En çok etkilenen Güney Avrupa destinasyonları ve adaları
Yukarıdaki rakamlara daha derin bir şekilde bakıldığında, Kıbrıs ve Karadağ'daki Akdeniz destinasyonları, yabancı gezginlere olan bağımlılığın artmasına bağlı olarak sırasıyla% 85 ve% 84 ile sıkıntılı bir şekilde gelenlerde en dik düşüşleri gördü. En çok etkilenen diğer ülkeler arasında, gelenlerin% 80 düştüğü Romanya; Türkiye (-% 77); Portekiz ve Sırbistan (her ikisi de -% 74). Ada destinasyonları, İzlanda ve Malta da (her ikisi de -% 71) kötü performans gösterdi, coğrafi konumları ve katı sınır kısıtlamaları nedeniyle zorlandı.
Avusturya, yılın başında Covid-19 öncesi kış seyahatlerinden faydalanmış gibi görünüyor ve bu da Eylül ayına kadar olan yıl için sadece% 44'lük bir düşüşle sonuçlandı. Kısa mesafeli yolculuklara daha fazla güvenilmesi, Avusturya'yı, ülkedeki kısıtlamaların diğer ülkelere göre çok daha hızlı bir şekilde azalması nedeniyle daha az değişken bir toparlanma elde etmek için güçlü bir konuma getirdi.
Seyahat kısıtlamaları ile ilgili yaklaşımların eşitsizliği seyahat talebini ve tüketici güvenini azalttığından, bu durum Avrupa çapında üye devletlerin işbirliği ihtiyacını daha da gösteriyor. IATA tarafından yapılan bir anket, seyahat kısıtlamalarında virüse karşı alınan önlemlerin seyahatleri artırdığını gösteriyor. [2] Test ve izlemeye yönelik uyumlaştırılmış çözümler, karantina önlemleri ile birlikte, Avrupa genelinde riskleri azaltmak için çok önemli olacağı belirtiliyor.

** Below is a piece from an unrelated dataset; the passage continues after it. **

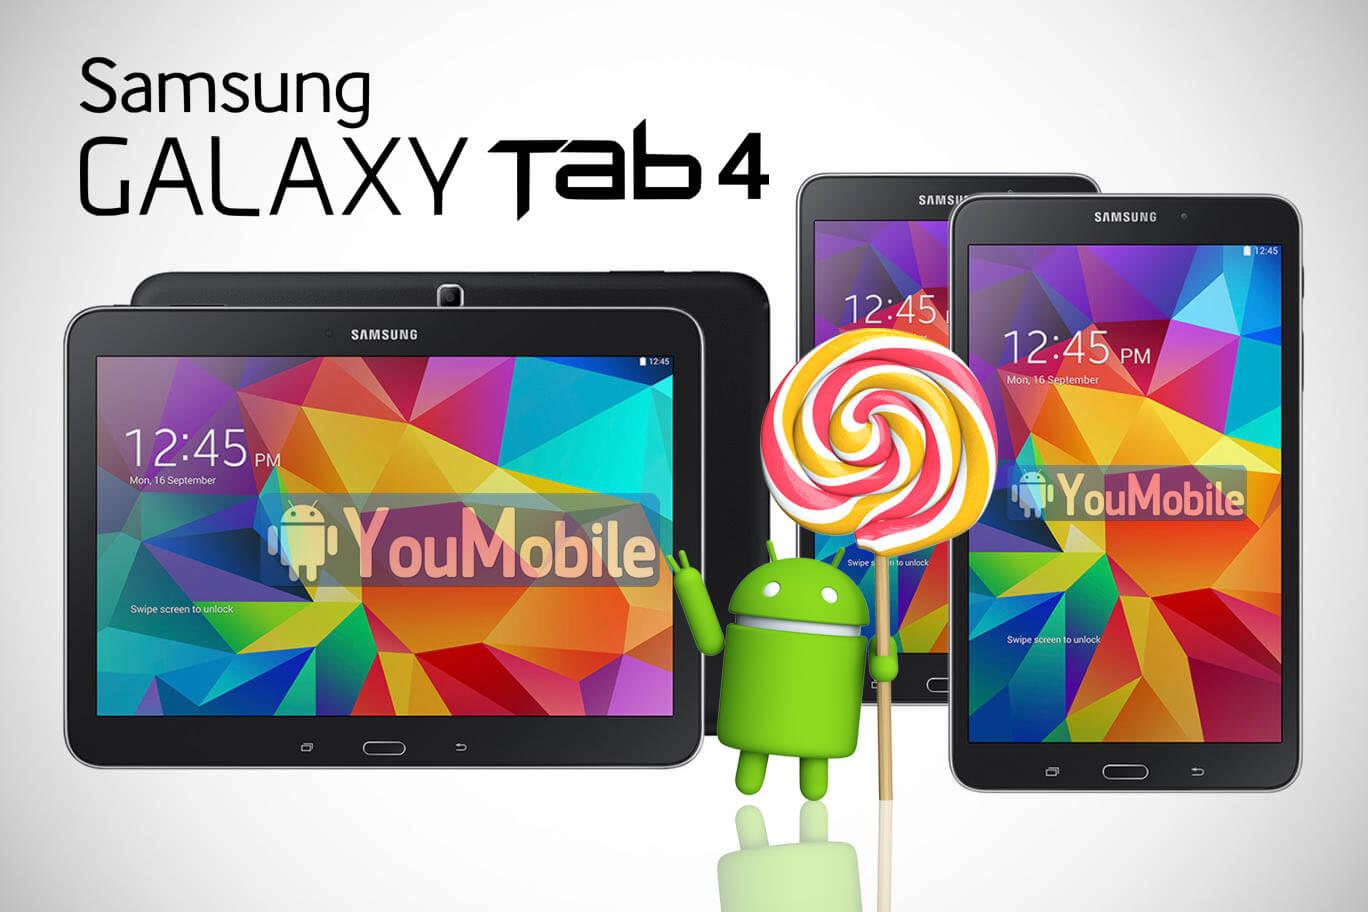 Galaxy Tab 4 Official Lollipop update

Yolcu tercihlerinde geleceğe bakış ve değişim
Önümüzdeki aylarda turizm sektörünün canlanmasında oynayacağı rol açısından Avrupa içi seyahatin önemi küçümsenemez. En son tahminler, Avrupa'da yurt içi seyahatlerde daha hızlı bir toparlanma öngörüyor ve 2022 itibariyle 2019 seviyelerini aşıyor. Avrupa'daki kısa mesafeli uçuşların 2023 yılına kadar daha hızlı bir şekilde geri döneceği tahmin ediliyor. Genel seyahat hacimlerinin artık yalnızca 2024 yılına kadar pandemi öncesi seviyelere döneceği belirtiliyor.
Covid-19 salgını, belirli Avrupa ülkelerindeki destinasyon seçeneklerini de etkiliyor. Yaz sezonu, sosyal mesafeyi uygulamanın daha zor olduğu yüksek nüfuslu kentsel bölgelere ziyaretlerle ilgili endişelerin bir sonucu olarak kırsal ve kıyı bölgelerine seyahat etmek isteyenlerde önemli bir artış oldu.
Seyahat tercihlerindeki bu değişiklik nihayetinde turizm sorununu hafifletebilir ve destinasyonların sürdürülebilir turizm talebini artırmasına izin verebilir. İkinci destinasyonlar için artan seyahat ilgisi, daha önce seyahat talebiyle başa çıkmakta zorlanan bazı popüler turistik noktaları rahatlatacak ve turizmin ekonomik faydalarının ülkeler içinde daha eşit bir şekilde yayılmasına yardımcı olacaktır
Türkçe karakter kullanılmayan ve büyük harflerle yazılmış yorumlar onaylanmamaktadır.